Metastases to the leptomeninges and spread within the cerebrospinal pathways (neoplastic meningitis), virtually all malignant neoplasms have been reported to have produced this entity, which can result in an extremely variable constellation of neurological symptoms and signs by invasion of the brain, cranial nerves, spinal cord, and spinal nerve roots. Obliteration of the subarachnoid spaces with consequent hydrocephalus is more prevalent in patients with carcinomatous, as opposed to leukemic, meningitis; perhaps this reflects the better response to treatment of the latter. Neoplastic meningitis is most common in patients who have leukemia ­ especially the acute lymphocytic variety, non-Hodgkin's lymphoma, and breast carcinoma; there is a significant incidence in patients with lung cancer and melanoma. Timely diagnosis requires a high degree of suspicion regarding patients with these cancers and familiarity with the often subtle symptoms and signs that appear early in the disease.

Because the neurosurgeon may be called on to provide long­term access to the cerebrospinal fluid for delivery of intrathecal chemotherapy, it is important to recognize that these patients often have an abnormally small ventricular system as a result of diffuse cerebral swelling. With few exceptions, safe, accurate placement of an indwelling ventricular cannula requires preoperative computed tomography (CT); or MRI.
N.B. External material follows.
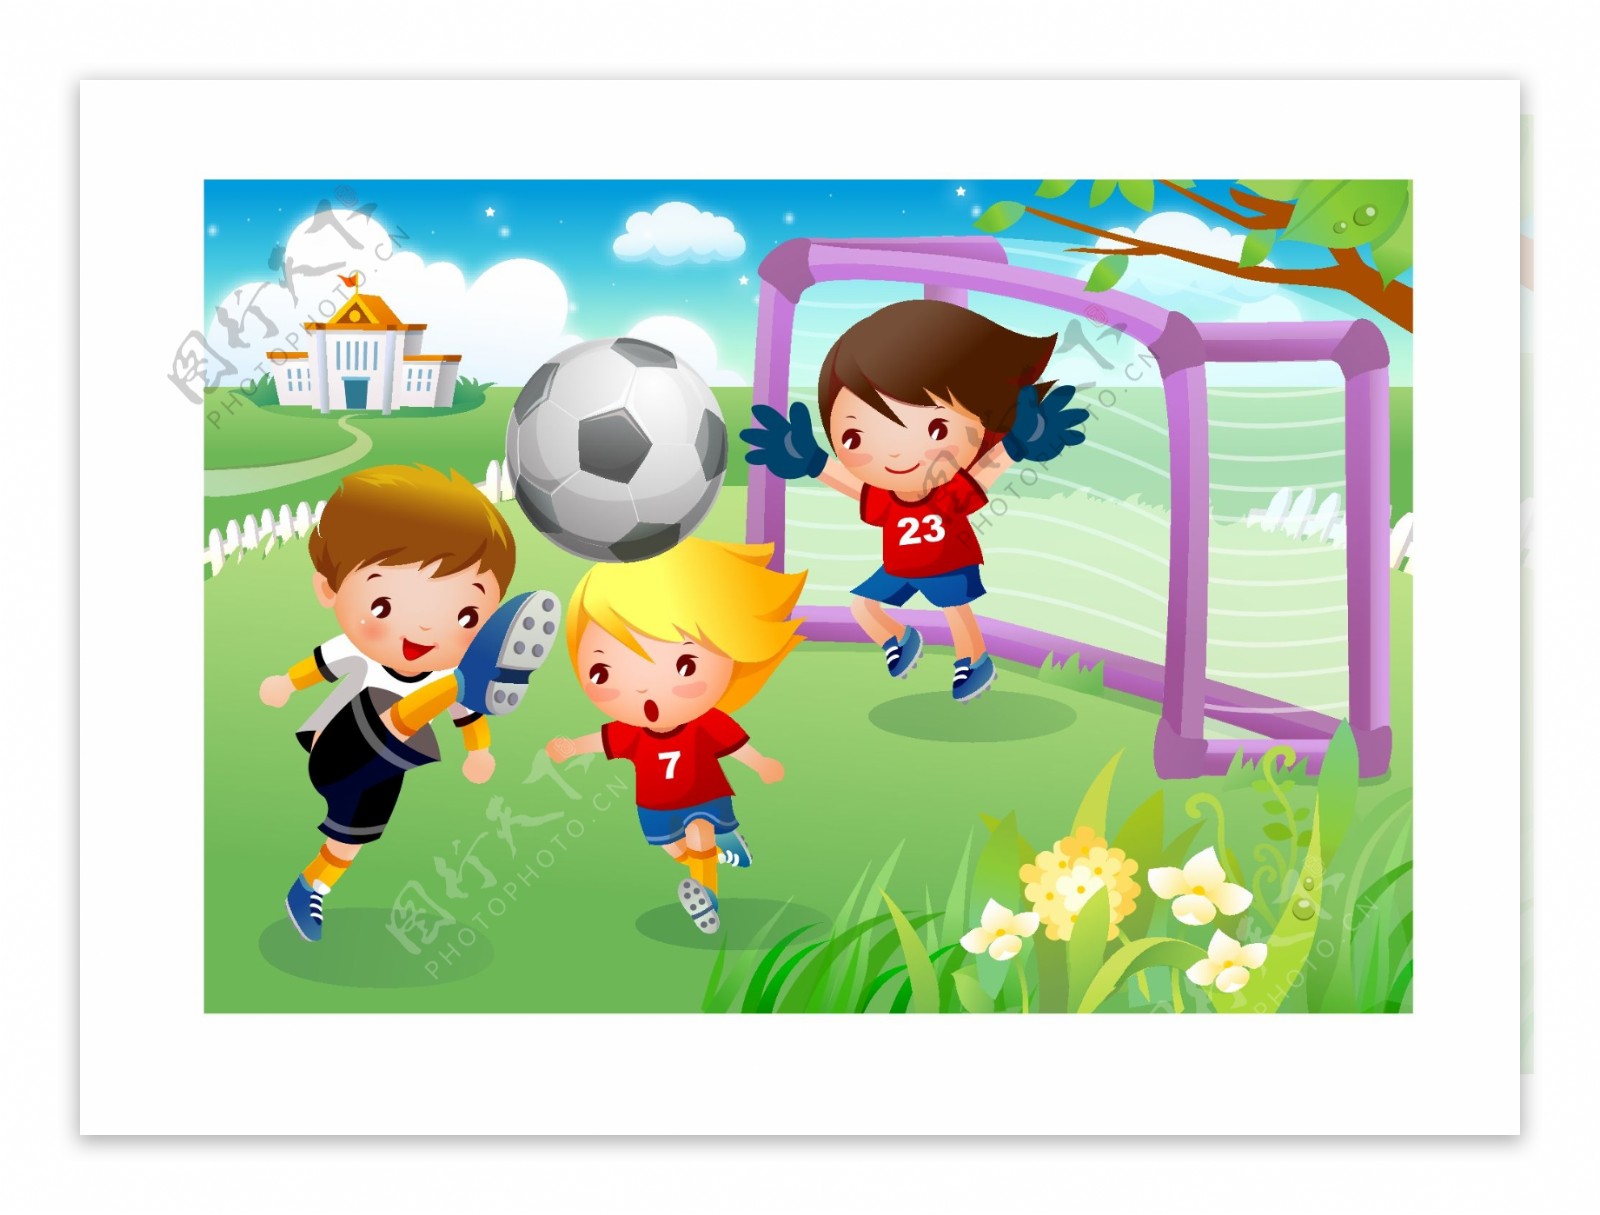 儿童足球运动素材

Approximately 16 to 18 percent of cancer patients develop brain metastases, and in about 9 percent, intracranial metastases represent the only site of cancer. To get to the central nervous system, metastatic cells leave the primary tumor by local invasion, enter the circulation, circulate in the blood, adhere to brain microvessels. penetrate the blood-brain endothelial barrier, and multiply in the brain. Most often the metastatic cells are trapped at the site of acute arterial narrowing near the brain surface and grow in a soft, yielding matrix without significant tissue planes. Thus metastases to the brain tend to be peripherally located (at the gray-white matter junction) and roughly spherical. Their distribution among the cerebrum, cerebellum, and brain stem corresponds to the relative weight of the subdivision. Overall, 45 to 50 percent of solid parenchymal metastases, as determined by current diagnostic techniques, are single; of these, roughly 80 percent are located in the cerebrum, 16 percent in the cerebellum, and 3 percent in the brain stem. However, the presence of a truly solitary metastasis in the brain, as borne out by long follow-up after total removal, is rare. Most frequently reported solitary lesions originate from renal cell carcinomas; but others, including metastases from lung and colon carcinomas, certainly also occur.
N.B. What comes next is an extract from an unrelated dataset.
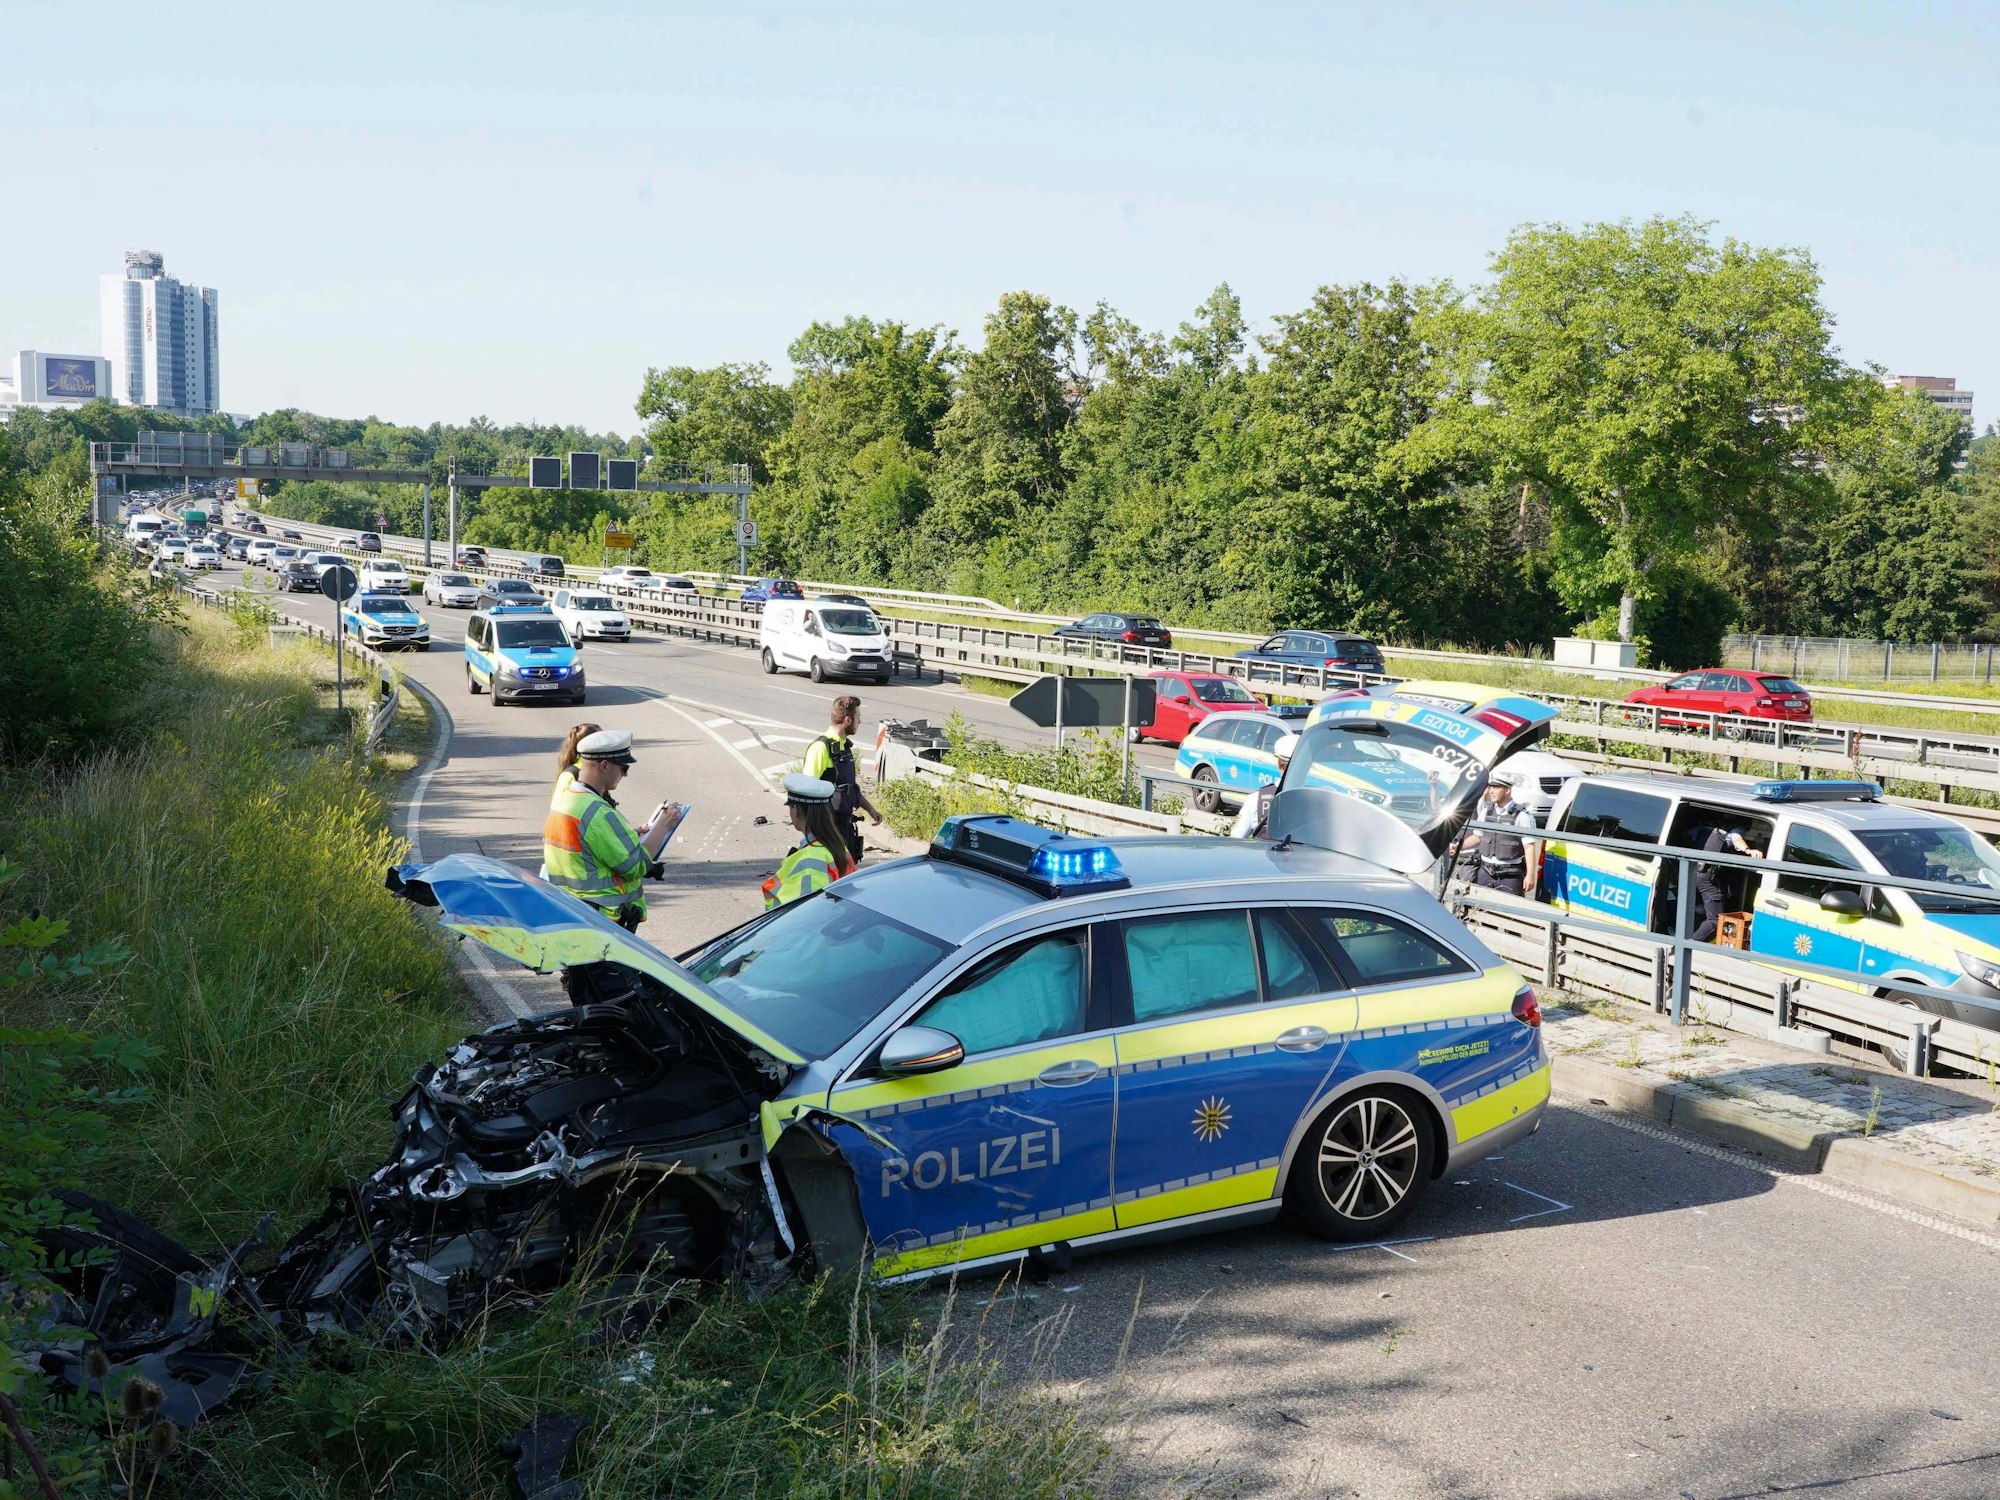 21.06.2022, Baden-Württemberg, Stuttgart: Ein kaputtes Polizeiauto steht nach einer Verfolgungsjagd in einer Ausfahrt. Bei dem Unfall sind drei Polizisten verletzt worden.

As is the case with metastases to other sites, the interval between the diagnosis of the primary cancer and the diagnosis of brain metastases varies with the tumor type. The median interval in lung cancer is notably short. but in breast cancer it is frequently protracted. The range for each type of cancer, however, varies considerably. Brain metastases may be synchronous. that is, present at the time of the diagnosis of the primary tumor, or conversely, may occur more than a decade later (metachronous). Histologic verification is necessary to distinguish between metastases from a neoplasm believed to be long-cured and a new primary tumor. Multiple primary tumors occur in about 15 percent of patients with cancer.

Because of their prevalence or unusual frequency, brain metastases originating from cancer of the lung, breast, colon, and kidney and from melanoma are of special interest. Carcinoma of the lung is presently responsible for approximately 45 percent of all intracranial metastases. Of the histologic varieties of lung cancer, squamous cell carcinoma is less likely to metastasize to the brain than is adenocarcinoma or undifferentiated carcinoma. The frequency of brain metastases in patients with small cell carcinoma varies from 49 percent in older publications to 10 to 20 percent in more recently published studies. Approximately 45 percent of non-small cell brain metastases are single, and 35 percent are synchronous. Breast carcinoma, the second most common source of metastatic brain tumor, is also the most widely distributed throughout the intracranial contents and is apt to involve several compartments simultaneously. Fortunately, carcinoma of the breast is more chemo- and radiosensitive than are most other tumors that metastasize to the brain. Both colon and kidney metastases have a marked predilection for the brain as compared with other intracranial compartments, tend to be single and are radioresistant. Of all malignant tumors, melanoma has the highest incidence of metastasis to the brain and the greatest tendency to bleed spontaneously. The lesions are usually multiple and commonly occur in large numbers.

Clinical Manifestations

The neurological symptoms and signs of metastatic brain tumors are indistinguishable from those of many other expanding intracranial mass lesions, and without the presence or history of cancer, metastatic brain tumors cannot be diagnosed on clinical grounds alone. Most metastatic brain tumors are subcortical in location, grow rapidly, and, even when relatively small, produce extensive oedema. Neurological deterioration commonly proceeds at a rapid pace and can be measured in terms of days or weeks. In most patients it is the spread of oedema through the white matter, not the increase in size of the tumor per se, that accounts for the relatively rapid onset and progression of symptoms and signs and the fact that the latter are generally of limited value in localizing the site of the metastatic neoplasm with precision. An abrupt stroke-like onset of neurological deficit occurs in about 10 percent of patients and may result from tumor haemorrhage or compromise of local blood supply by the neoplasm.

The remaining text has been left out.